I’m writing this not to garner pity or sympathy (although let me be crystal clear on this point: that’s not beneath me), but because I think many of us are wrestling with at least a vaguely similar feeling. Hopefully not as badly as I am, and hopefully you’re coping in less toxic and ill-advised ways. Maybe this might make you feel a little less alone, or ideally, smug about how much better you’re handling than I am.

But Lo, Rising From The Ashes Of My Shattered Psyche Like A Phoenix, Or Like The Idyllic New England Town’s Christmas Carol Singalong In The Last Ten Minutes Of A Hallmark Movie, There Is Hope.We Are Not, In Fact, Alone.

I’m not talking about the whole world right now, but just us. This sense of isolation. It’s largely illusion. We will get through it. Have so far. Even the reading will come back. If I can’t get through a novel, I’ll try a short story. If that’s too overwhelming, a short poem: not a deliberately-in-your-face-screw-you-with-my-obscurity modernist type poem, but a digestible one, designed for humans. If that fails, there’s always The Lockhorns (man, they REALLY don’t seem well-suited for each other).

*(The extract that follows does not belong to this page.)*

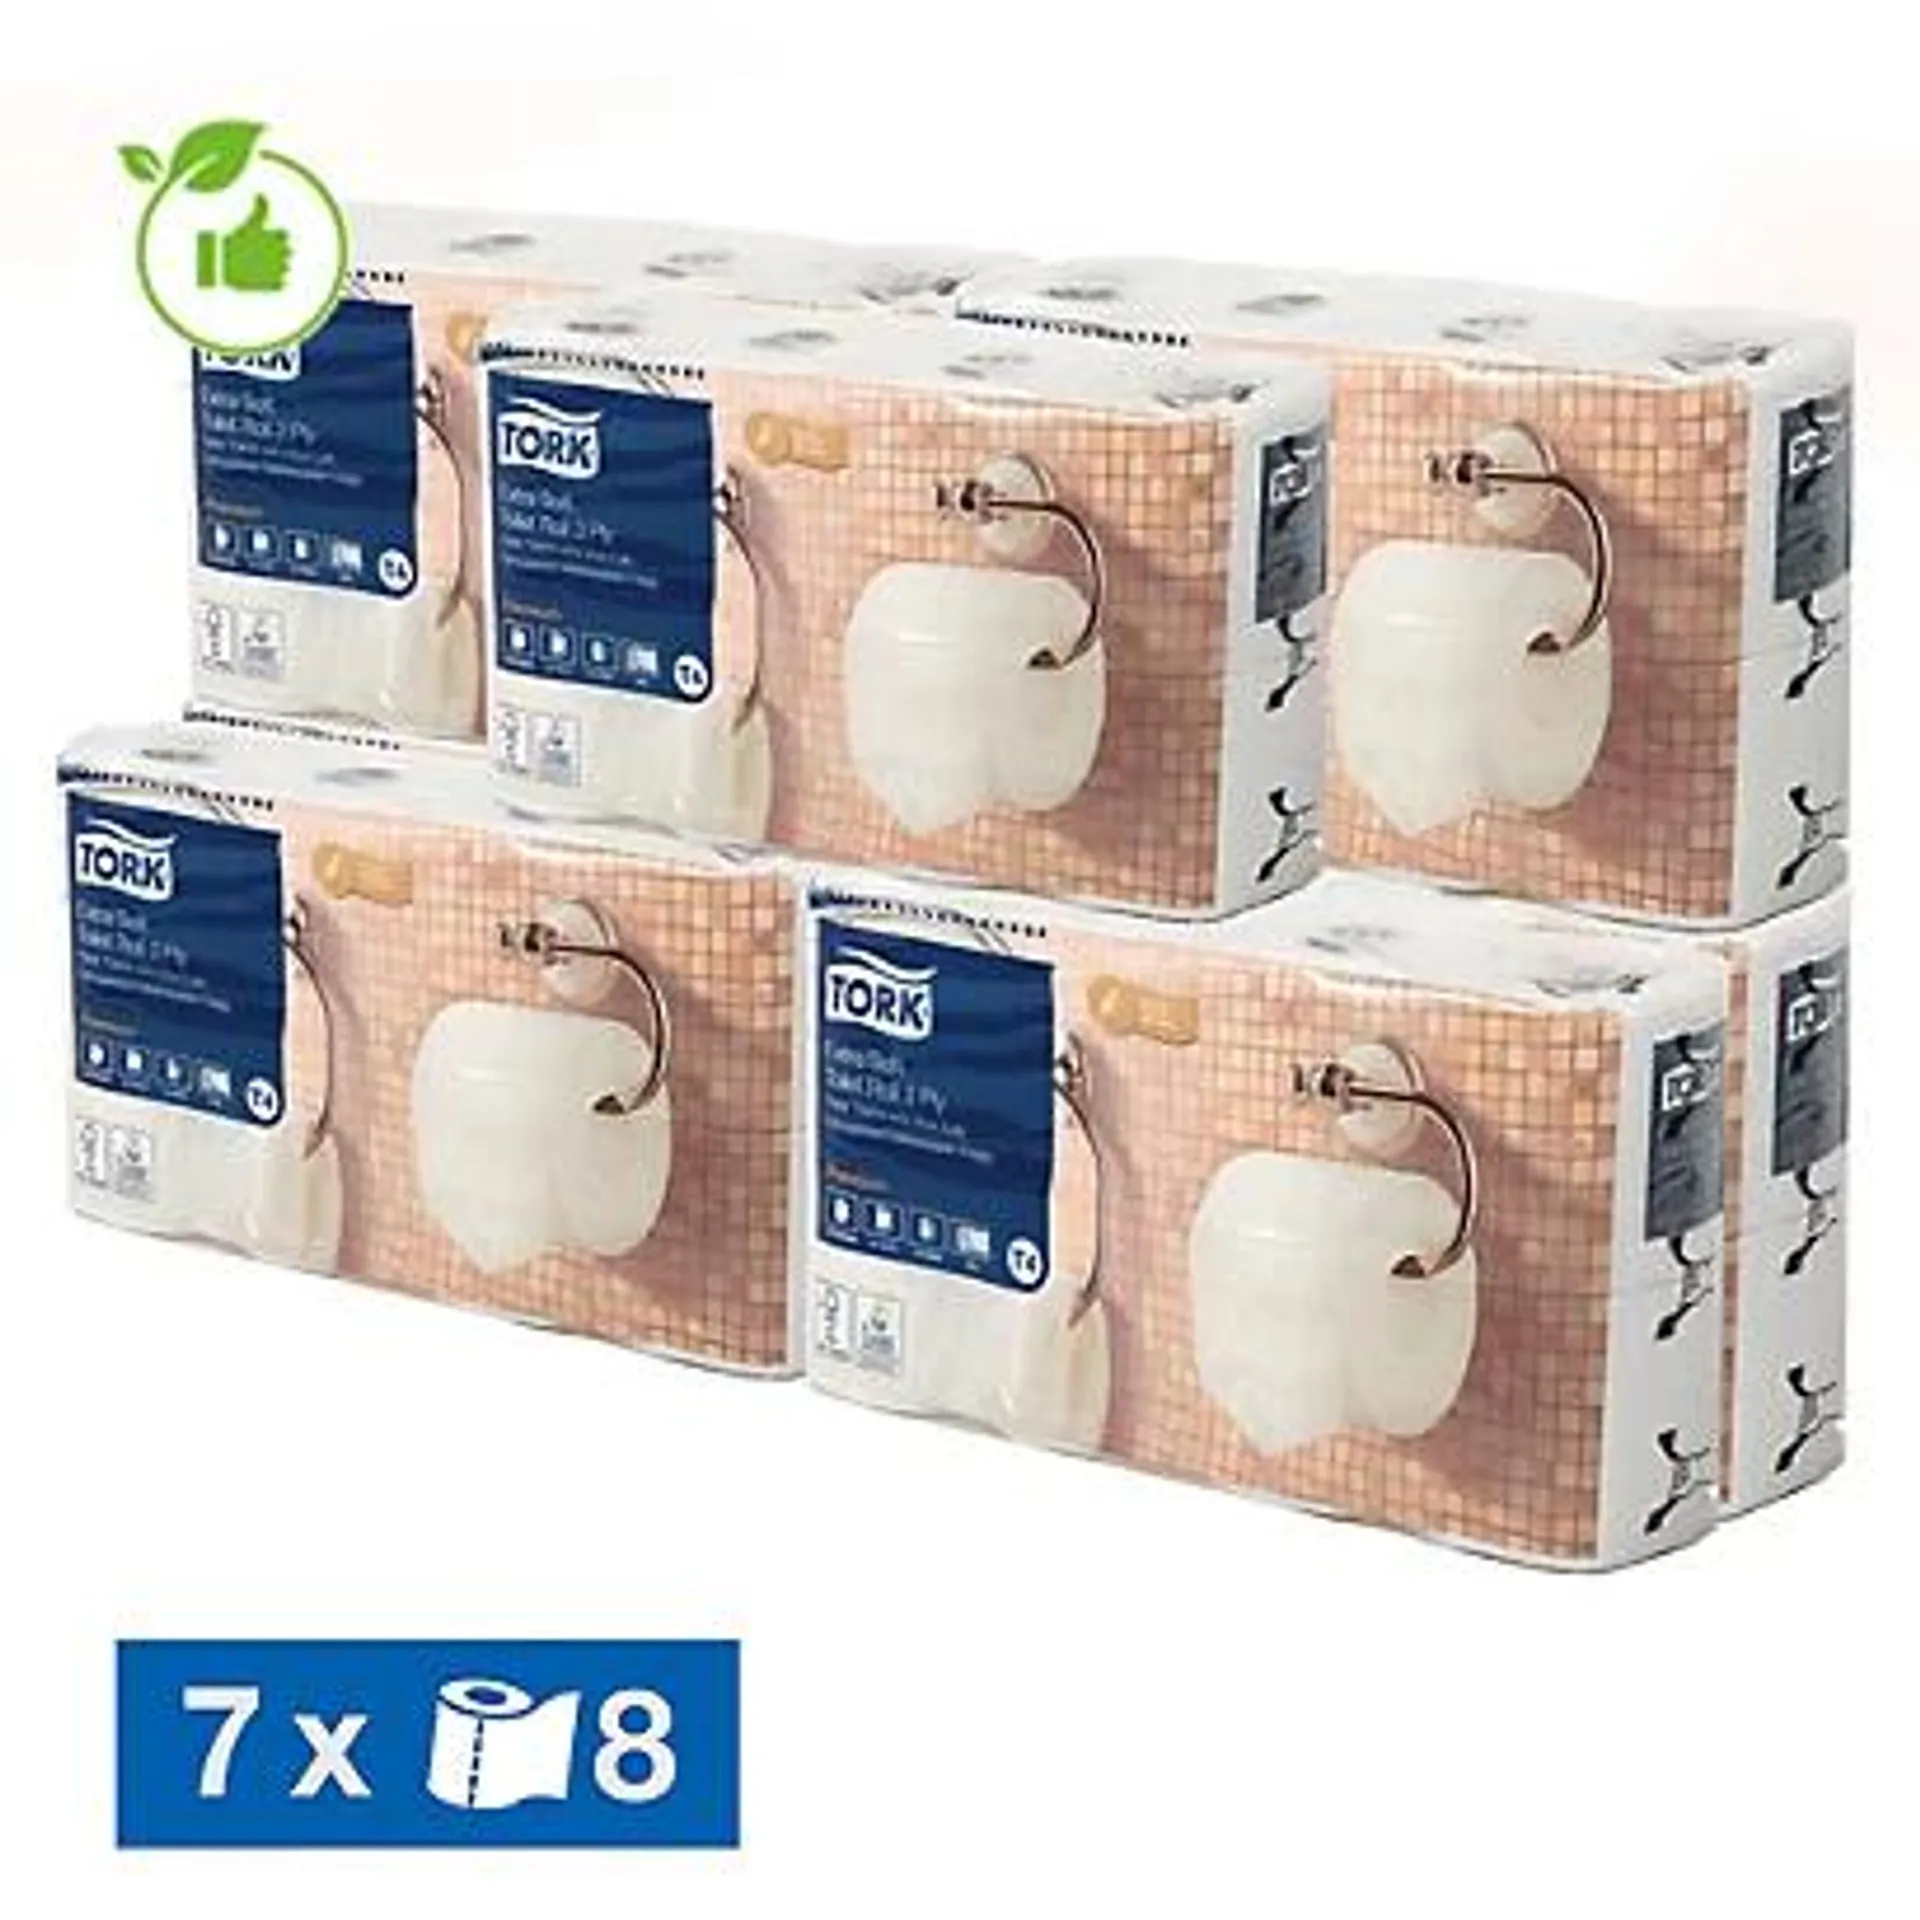 Toiletpapier Tork Premium extra zacht 3-laags, set van 56 rollen

I read a bit of Rilke last night, largely because I wanted to casually drop into my essay that I’m the kind of person who reads Rilke, but the point is I was finally able to feel a connection again, especially this bit:

““Be patient toward all that is unsolved in your heart and try to love the questions themselves, like locked rooms and like books that are now written in a very foreign tongue. Do not now seek the answers, which cannot be given you because you would not be able to live them. And the point is, to live everything. Live the questions now. Perhaps you will then gradually, without noticing it, live along some distant day into the answer.”

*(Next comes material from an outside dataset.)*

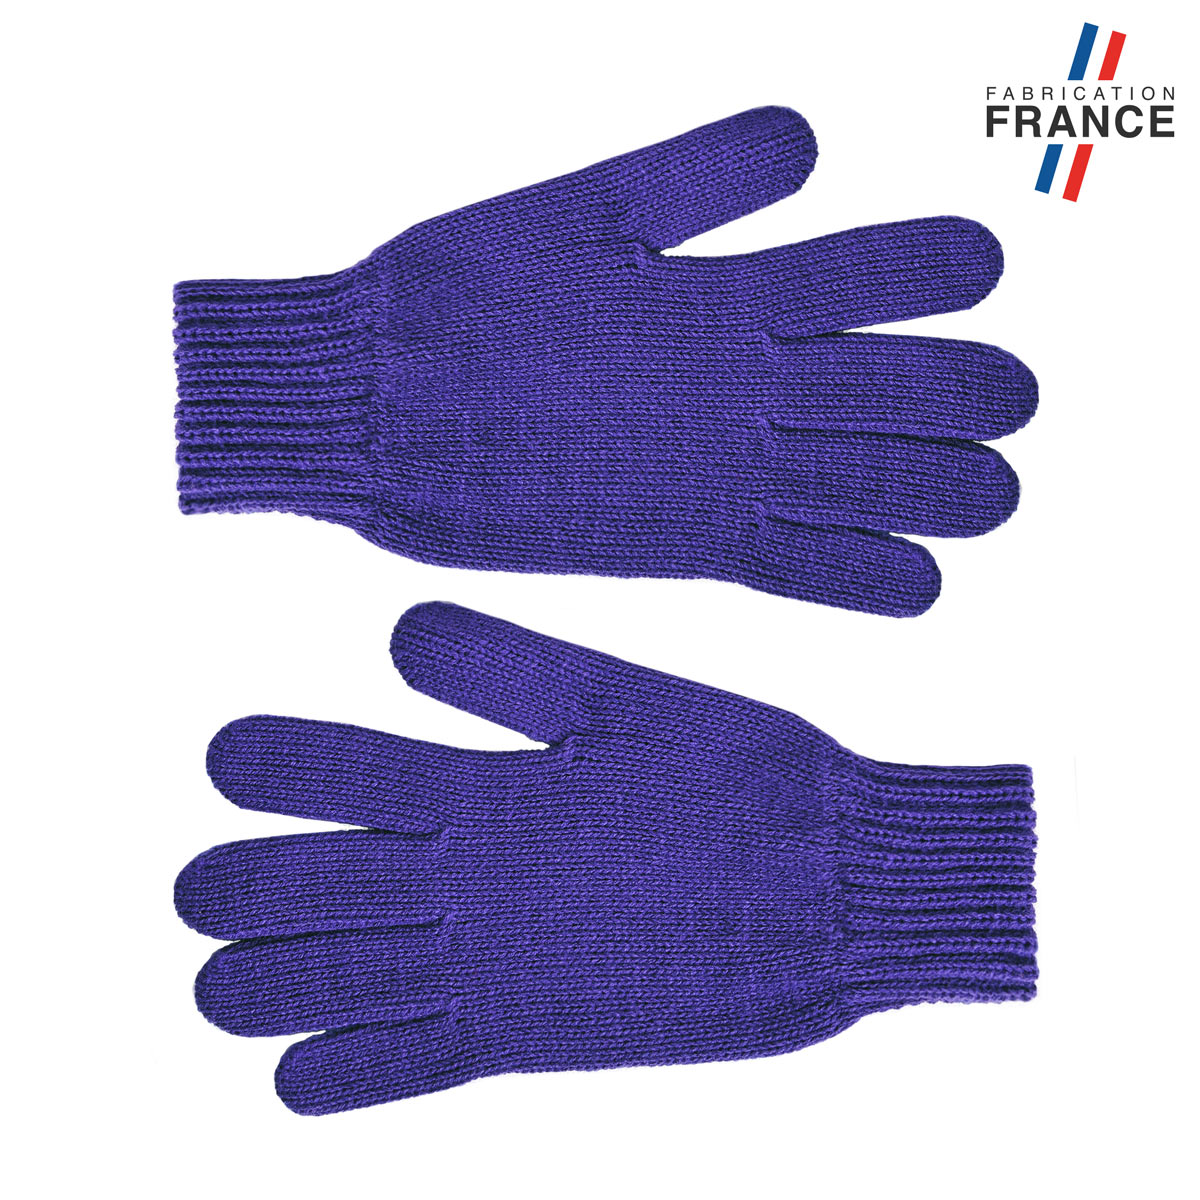 GA-00040_A12-1FR_Paire-gants-femme-uni-violet-fabriques-en-France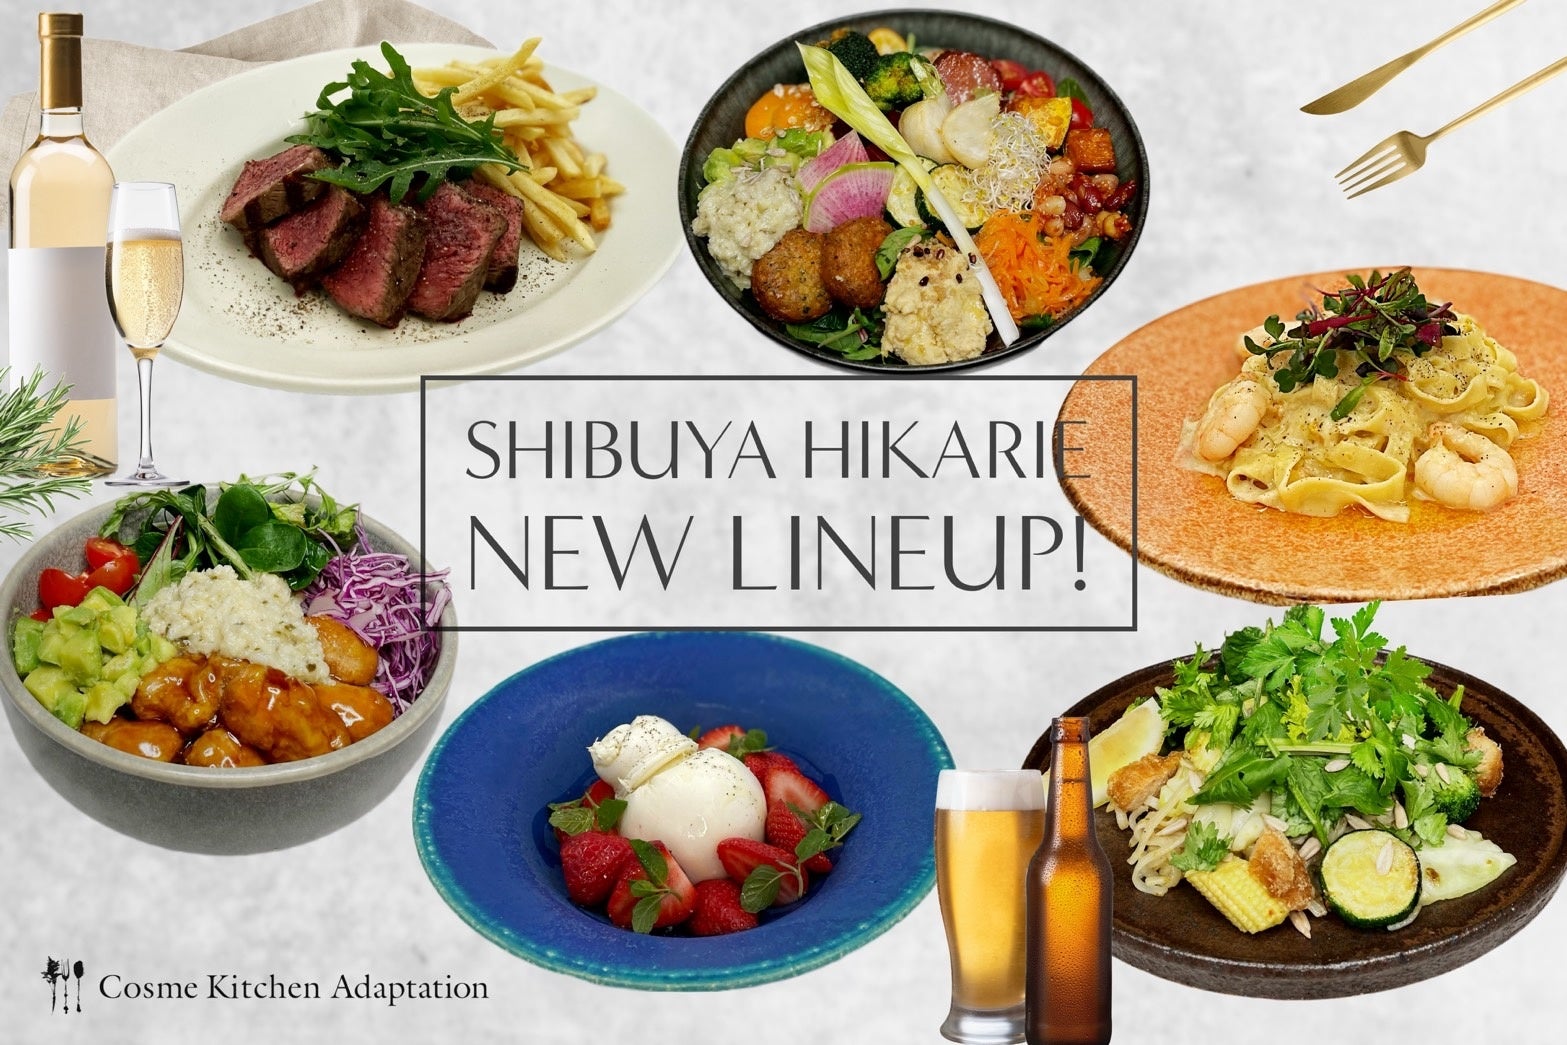 「食のダイバーシティ」を深化！Cosme Kitchen Adaptation渋谷ヒカリエ店 は専門性はそのままに、多様な街渋谷らしくもっとだれもが選べるメニューへ

That’s good advice. And it’s always, I admit, a sightly sadistic comfort for me in knowing the loneliness and isolation that even a great soul and mind like his must’ve endured to be able write this. Even if the feeling less alone is through pain, uncertainty, or despair, you’re still less alone. That’s the closest thing I can offer to hope to all of you and to myself today. But it’s enough.

Published by Jack Canfora

I'm an award winning and losing playwright and screenwriter; I'm a dad of two great kids, an aggressive spoiler of dogs, and hopelessly addicted to baseball and The Beatles. I have no recollection of ever having worn a mullet, yet photos in the 80's say otherwise.

4 thoughts on “We Read To Know We’re Not Alone

  1. Good advice. I feel a lot of where you are coming from in this blog today. After my initial rage/screaming/crying/wanting to kill of Friday night’s news of RBG’s passing, I realized I need to pace myself. Couldn’t focus on the big, 600 page history of Black migration that I’m slogging through, so baby stepped through a couple Vanity Fairs and New York Magazines that were backlogged on my nightstand. Baby steps are the key.

    Stay well, my friend!

  2. Live the questions now. Perhaps you will then gradually, without noticing it, live along some distant day into the answer. That is some kind of beautiful! Thanks for this introduction to Rilke for a noob. I cannot agree more with everything said. I remember 8 years back when I was at my lowest, devouring books, 2-3 each week. I miss that reading frenzy, i doubt I ever connect to writing ever since. Like you said, these days reading more than 2 pages seem like a task. The random lashouts, some of them my fault and then wanting to keep the drama away has gotten me into this alienating bind. It’s peaceful but also very silent? I hope when this shitfest ends, COVID hasn’t beaten the crap out of us.